=== Records for this exercise ===
[Start of Attachment]
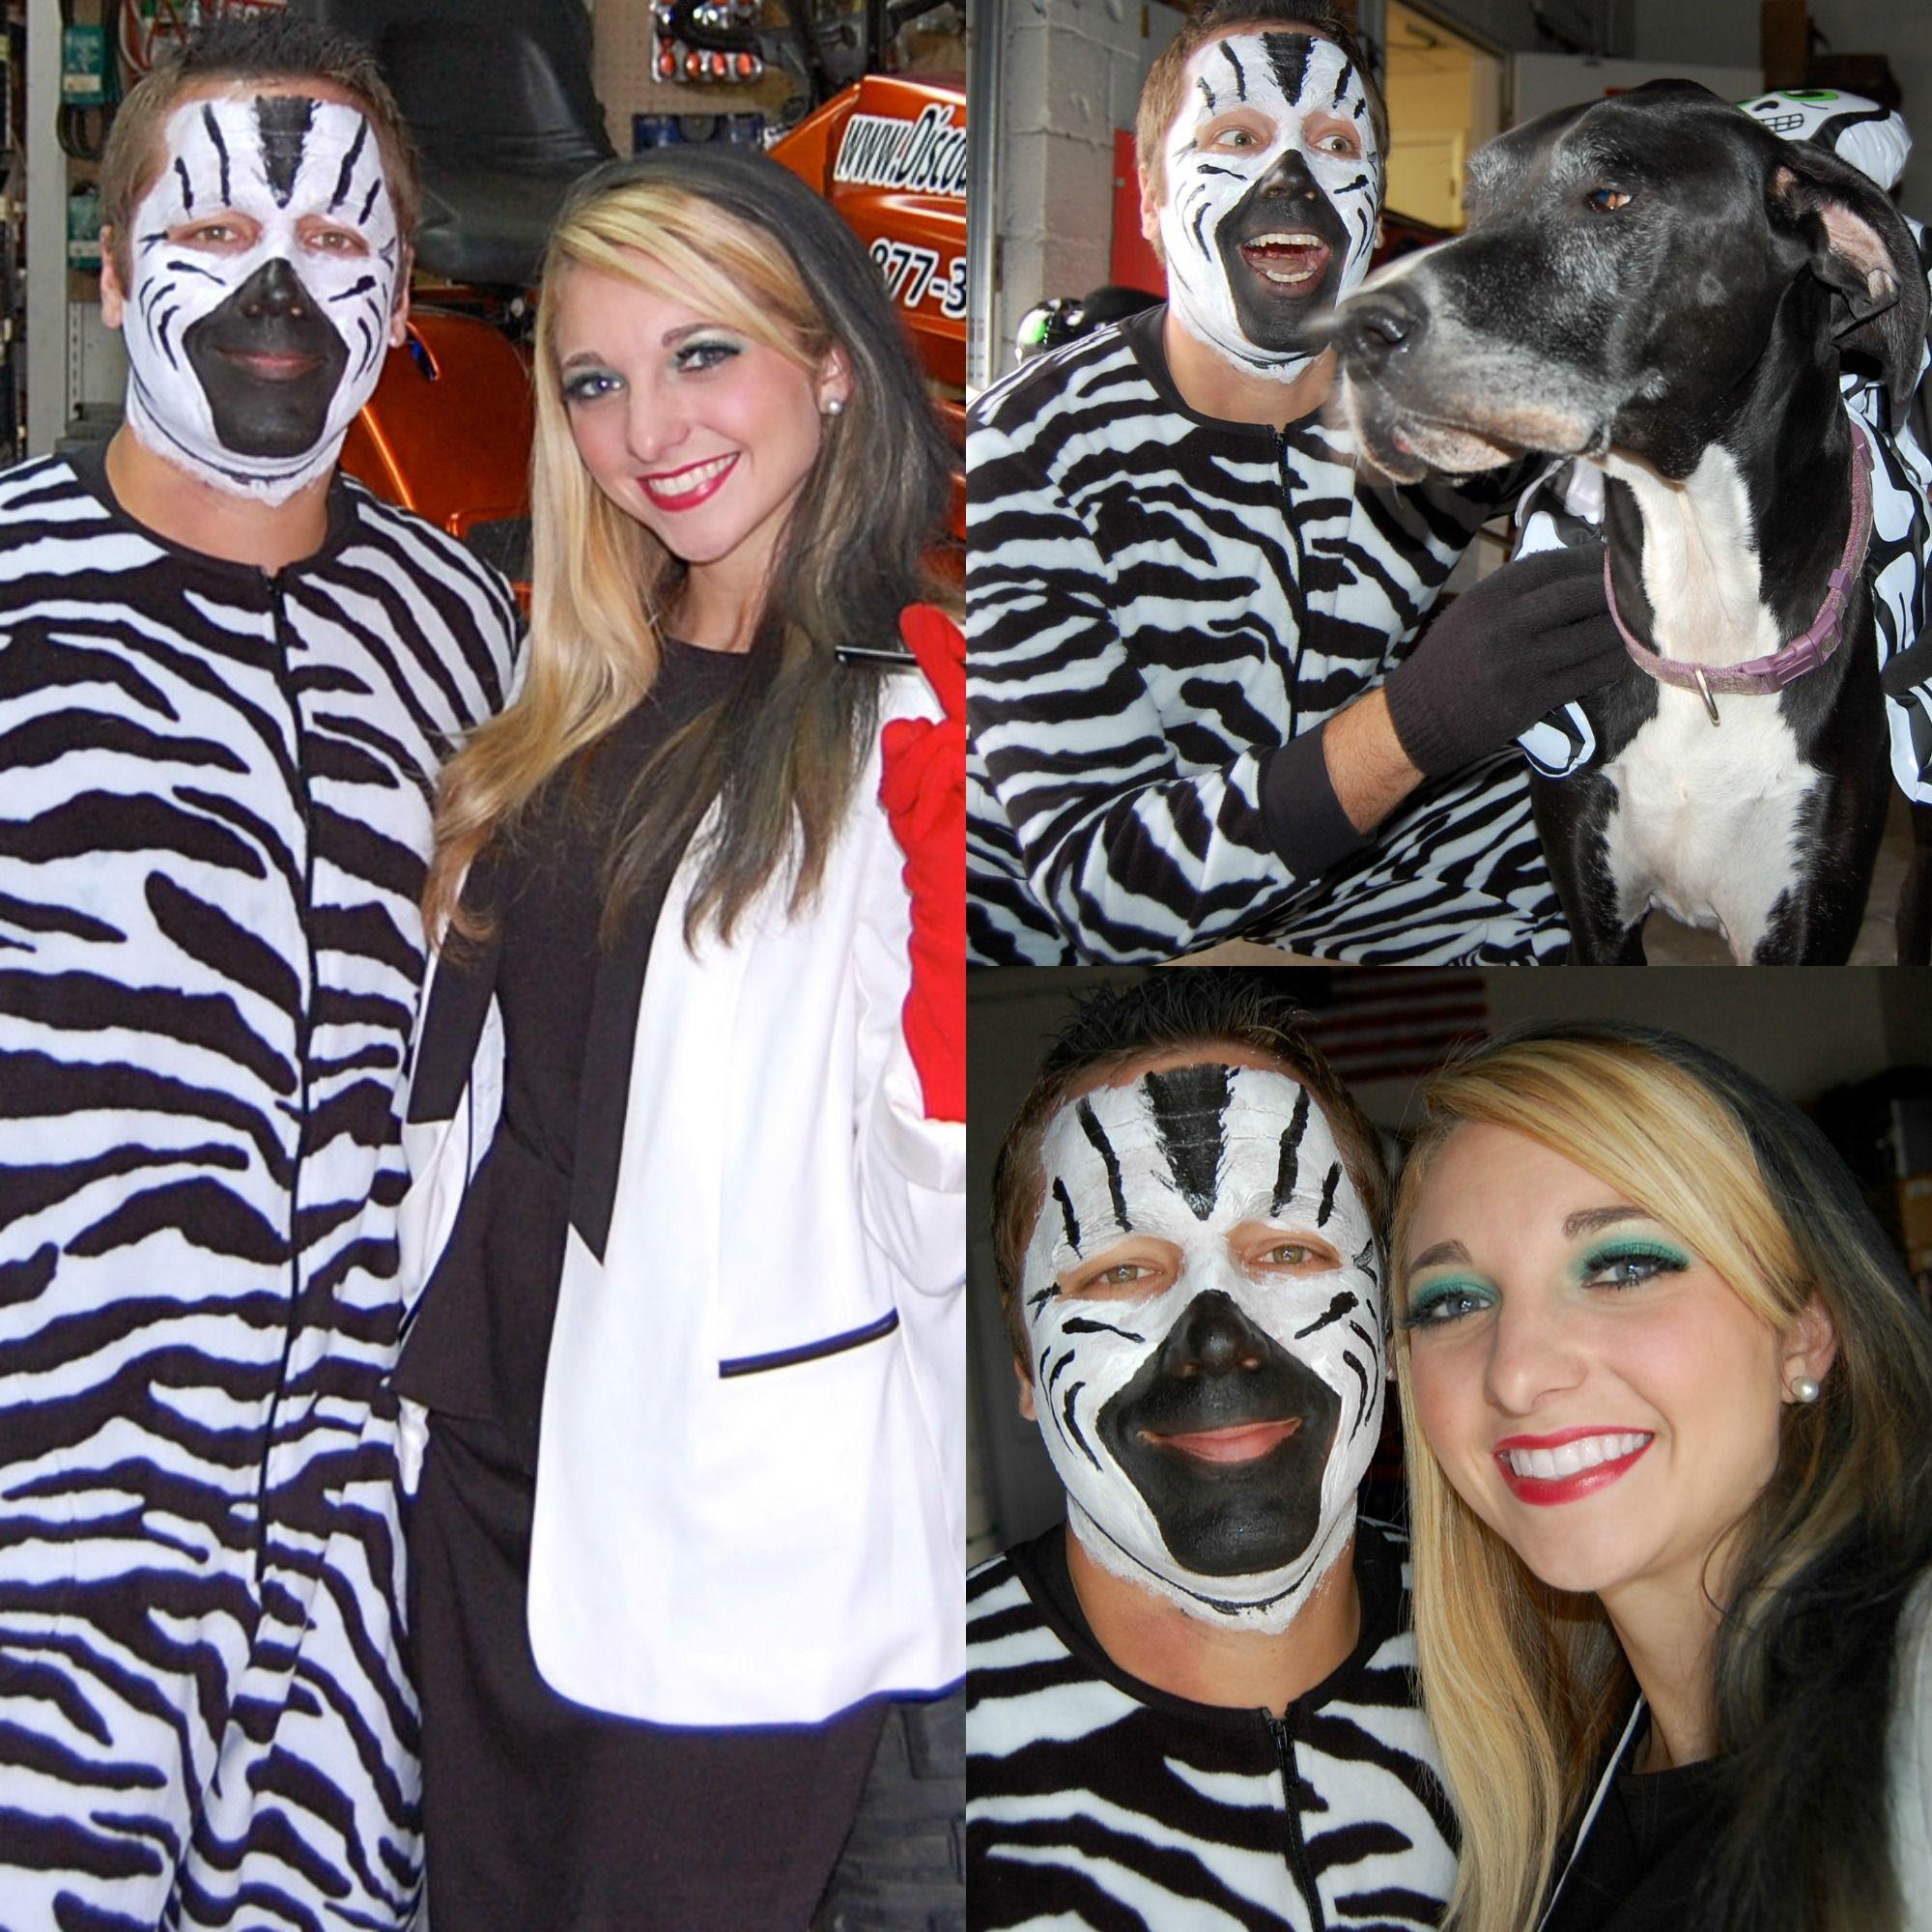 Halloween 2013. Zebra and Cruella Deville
[End of Attachment]
[Start of Attachment]
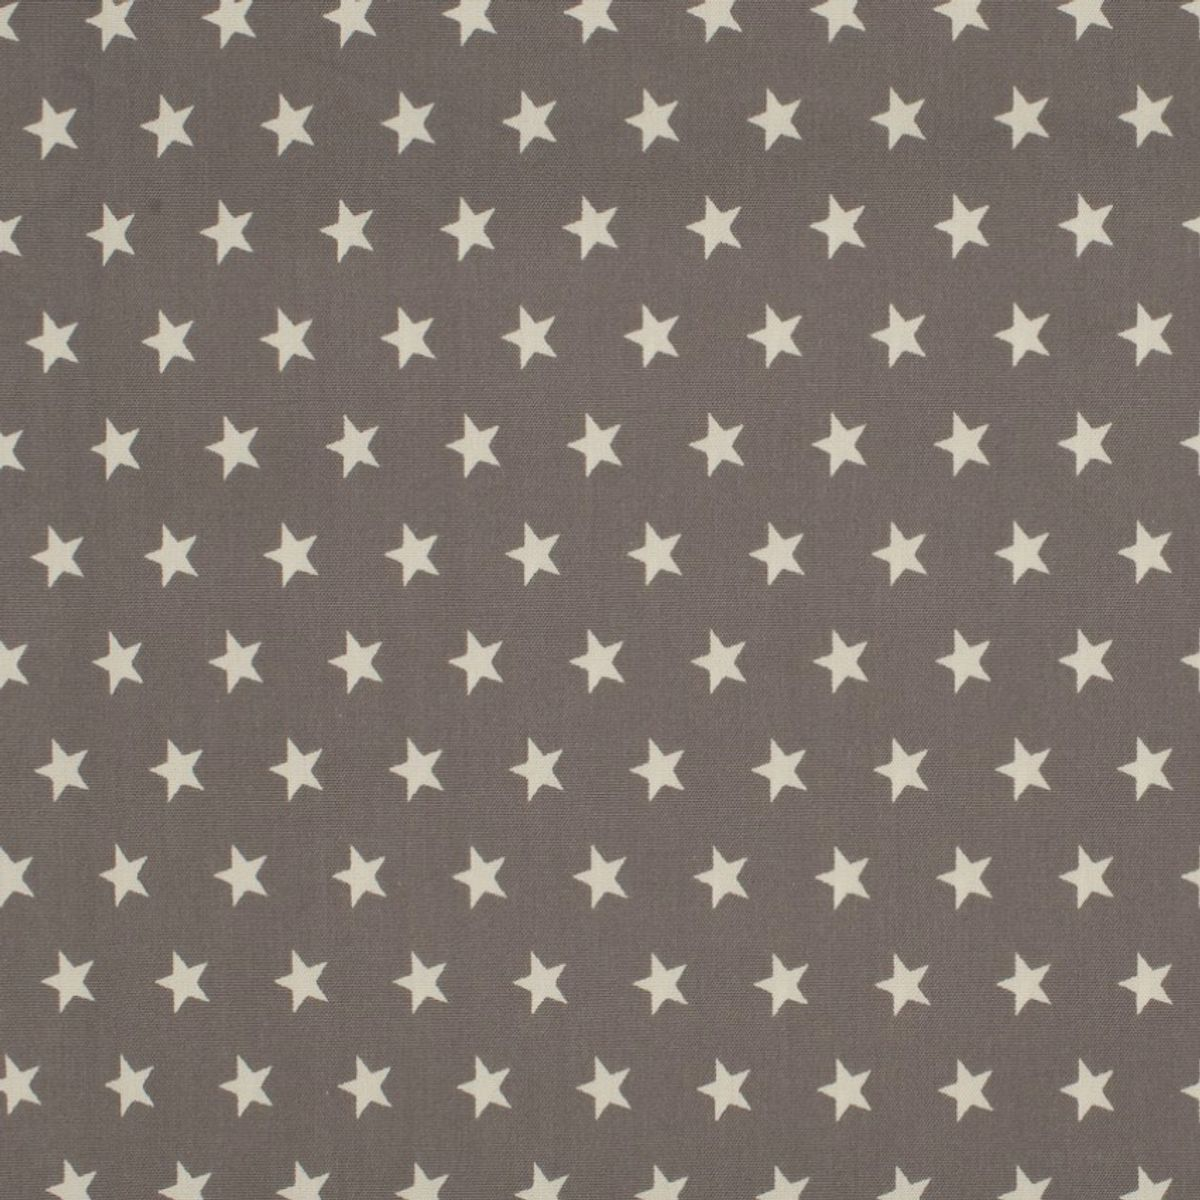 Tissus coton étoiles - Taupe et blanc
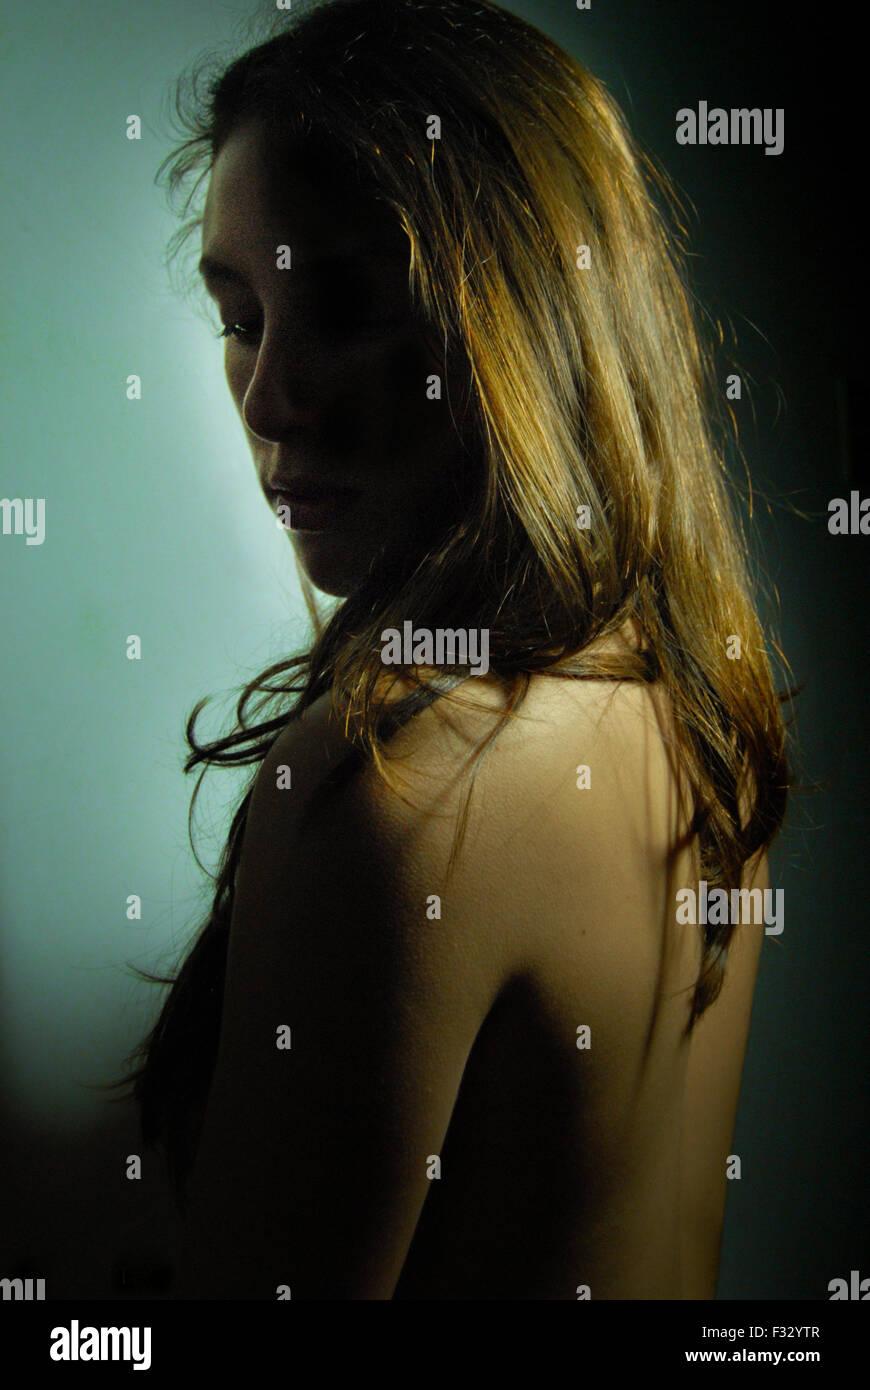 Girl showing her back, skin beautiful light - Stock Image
[End of Attachment]
=== Exercise brief ===
What you return must match the lines above from the one with "Tissus coton étoiles - Taupe et blanc" through the one with "Girl showing her" exactly, with both ends included and the pictures excluded.

=== Written solution ===
 Tissus coton étoiles - Taupe et blanc
 Girl showing her back, skin beautiful light - Stock Image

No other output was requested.